Bombeiros se recusam a atender ocorrência de incêndio, alegando “falta de caminhão”

Sinistro aconteceu na última sexta-feira, 12, e prejuízos já chegam perto de R$ 1 milhão

Na última sexta-feira, 12, um incêndio ocorrido na Cooperativa Coopereca colocou em xeque todo o argumento do governo do Estado em relação a “investimentos no Corpo de Bombeiros” e expôs a precariedade do órgão, e principalmente, a total inapetência em atender a população. As cerca de 350 famílias, que vivem do que produzem na cooperativa, que fica na BR-364, Km 1071, Distrito de Nova Califórnia, em Porto Velho, ainda continuam contabilizando os prejuízos causados pelo incêndio.

O Projeto RECA como é conhecido, significa Reflorestamento Econômico Consorciado e Adensado e é desenvolvido por pequenos agricultores que tiram da floresta, em regime cooperativista, alimentos típicos da Amazônia e preservam o meio ambiente. O RECA tem dado tão certo que já recebeu vários prêmios nacionais e internacionais de preservação ambiental.

O incêndio deixou um prejuízo, até o momento, calculado em cerca de R$ 1 milhão. Segundo a cooperada Cássia Lane Brito Camelo, que também atua no Departamento Administrativo da Cooperativa, o fogo consumiu três barracões, que eram usados no beneficiamento dos óleos de castanha, andiroba, da manteiga de cupuaçu e sementes de pupunha.

“Fabricávamos a manteiga de cupuaçu e os óleos de andiroba e castanha. Além disso, também tínhamos uma grande quantidade de manteiga de cupuaçu em estoque, pronta para ser vendida. Tudo foi perdido”, disse Cássia.

Dentro de um dos galpões, também destruído pelo fogo, estava um dos equipamentos mais caros da Coopereca. Trata-se de uma prensa de médio porte e dois filtros, avaliada em torno de R$ 300 mil. Ela era usada para prensar as sementes de castanha, cupuaçu e andiroba. Além de fazer a extração dos óleos, usados na indústria de cosméticos.

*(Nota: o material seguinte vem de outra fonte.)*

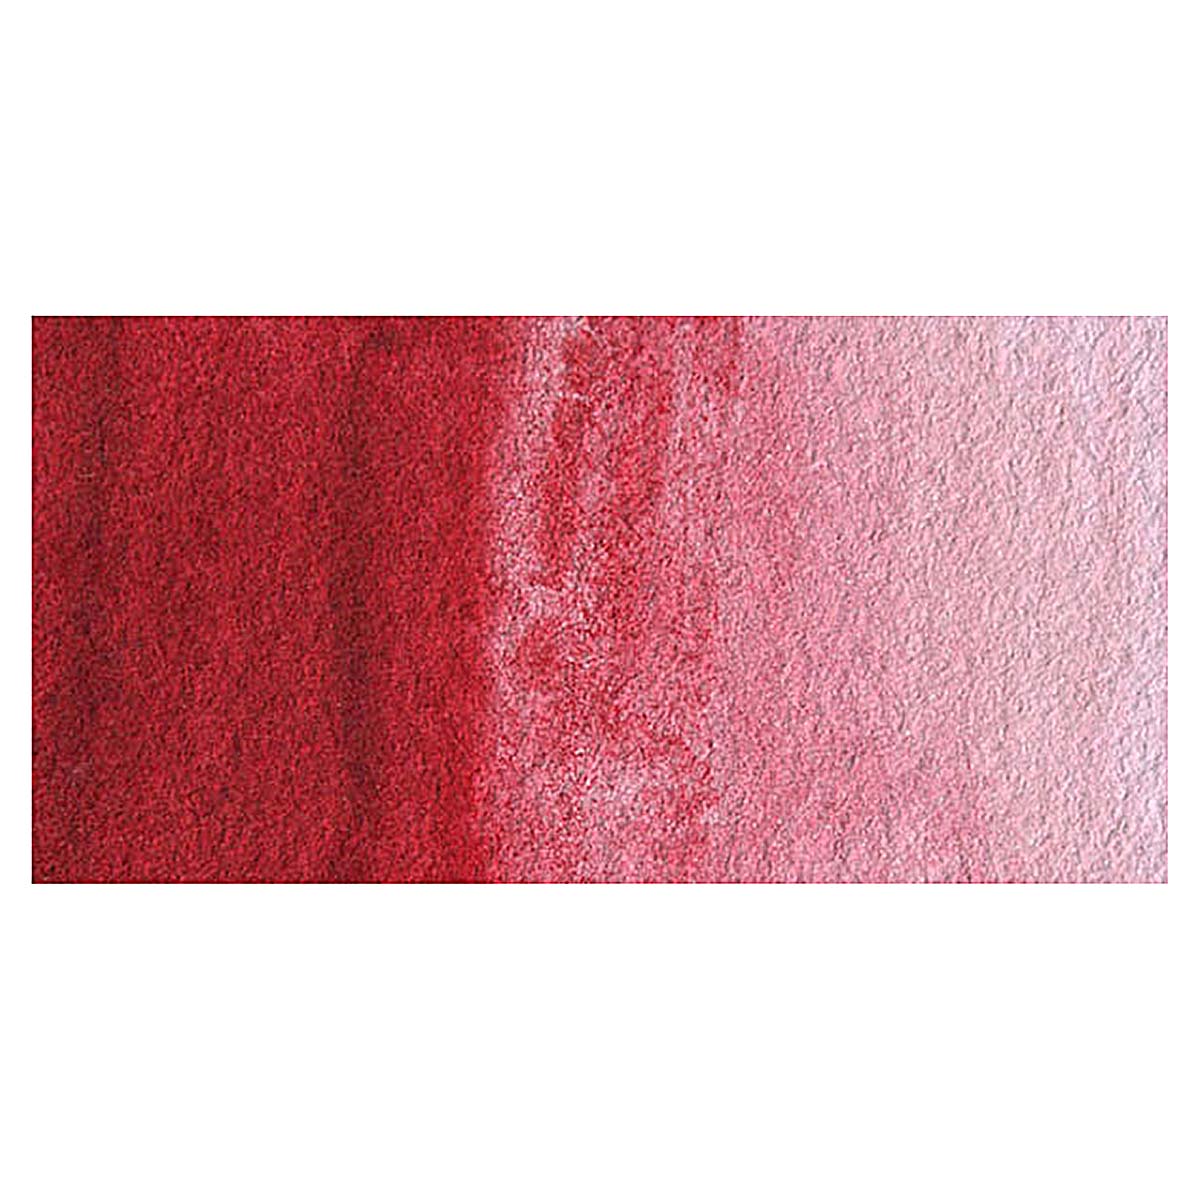 Grumbacher Finest Artists' Watercolor - Alizarin Crimson, 14 ml Tube

Cássia afirmou que todas as famílias foram afetadas pelo incêndio, mas que o espírito de união continua. “Não teremos o lucro que estávamos prevendo para esse ano. Vamos usar o dinheiro dos associados para repor parte do que perdemos. Além, de buscarmos parcerias para reconstruir o que foi perdido”, declarou.

Corpo de Bombeiros não atendeu sinistro por “distância e falta de veículos”

Quando os filiados da Coopereca perceberam, durante a madrugada, o incêndio tomando conta dos galpões, entraram em contato com o Corpo de Bombeiros, em Porto Velho, pedindo ajuda.

Foram informados que devido à distância da capital rondoniense, e a falta de caminhão de bombeiros, pois só possuem dois caminhões para atender a capital, não era possível deslocar uma equipe para combater as chamas. O trajeto entre Porto Velho e o Projeto Reca é de cinco horas de viagem.

Diante da recusa, os agricultores decidiram procurar a capital mais próxima, que é Rio Branco, no Acre, que fica a cerca de 150 km do Reca. Porém a resposta também foi negativa.

“Disseram que não podiam fazer nada, pois, o incêndio era em outra jurisdição, outro estado e que levaria muito tempo até terem a documentação necessária para se deslocarem até o local. Tivemos que apagar o fogo por nossa conta. Isso mostrou que precisamos ter, em Ponta do Abunã, uma estrutura mínima de Corpo de Bombeiros aqui nessa região”, lamentou Cássia Lane Brito Camelo, filiada a Coopereca.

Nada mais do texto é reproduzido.